A bijective function is both injective (one-one function) and surjective (onto function) in nature.

If every element of the range is mapped to exactly one element from the domain is called the **injective function. **That is, no element of the domain points to more than one element of the range.

In a **surjective function**, every element of the co-domain is an image of at least one element of the domain.

So, it logically follows that if a function is both injective and surjective in nature, it means that every element of the domain has a unique image in the co-domain, such that all elements of the co-domain are also part of the range (have a corresponding element in the domain). Such a function is called a **bijective function**.

You can consider a bijective function to be a perfect one-to-one correspondence. Every element in the domain has exactly one corresponding image in the co-domain, and vice-versa.

Note that the onto function is not bijective, as it needs to be a one-one function to be bijective. Let's take a look at the difference between these two to understand it better.

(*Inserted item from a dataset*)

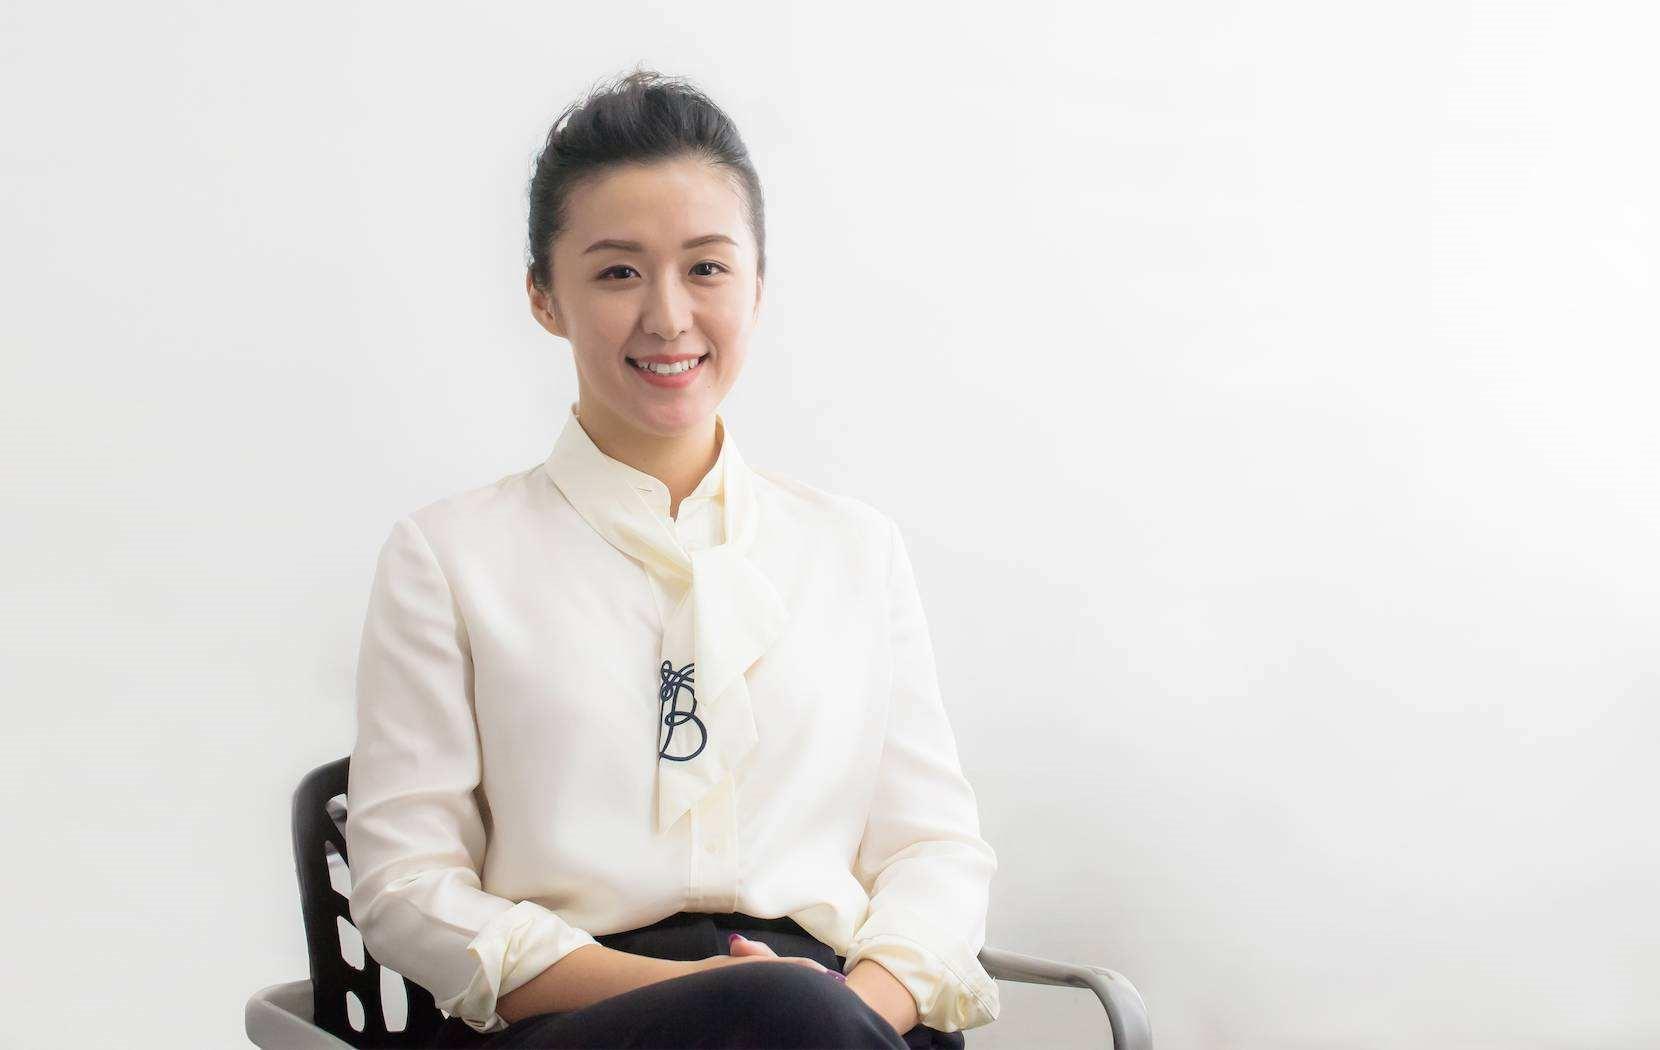 秦雯,1982年11月出生于上海,2001年获第三届全国新概念作文大赛一等奖,同年考入中央戏剧学院戏剧文学系。2018年5月24日,倚赖都市心情剧《吾的前半生》获得第24届上海电视节白玉兰奖最佳编剧。

## Difference between Bijective and Surjective functions

We will see the difference between bijective and surjective functions in the following table.

Bijective function | Surjective function |

A function \((f:A\to B)\) is bijective if, for every \(y\) in \(B\), there is exactly one \(x\) in \(A\) such that \(f(x)=y\). | A function \((f:A\to B)\) is surjective if for every \(y\) in \(B\) there is at least one \(x\) in \(A\) such that \(f(x)=y\). |

A bijective function is both one-one and onto function. | A surjective function is onto function. |

The domain and co-domain have an equal number of elements. | A co-domain can be an image for more than one element of the domain. |

Bijective graphs have exactly one horizontal line intersection in the graph. | Surjective graphs have at least one horizontal line intersection in the graph. |

Example - \(f:\mathbb{R}\to \mathbb{R}, f(x)=2x\) | Example - \(f:\mathbb{R}\to \mathbb{R}, f(x)=x^{3}-3x\) |

## Composition of Bijective functions

Consider the functions \(f:A\to B , g:B\to C\). Then the composition of the function \((g\circ f)(x)=g(f(x))\) from function \(A\) to \(C\). The composition of the bijective function is derived from the composition of injective and surjective functions.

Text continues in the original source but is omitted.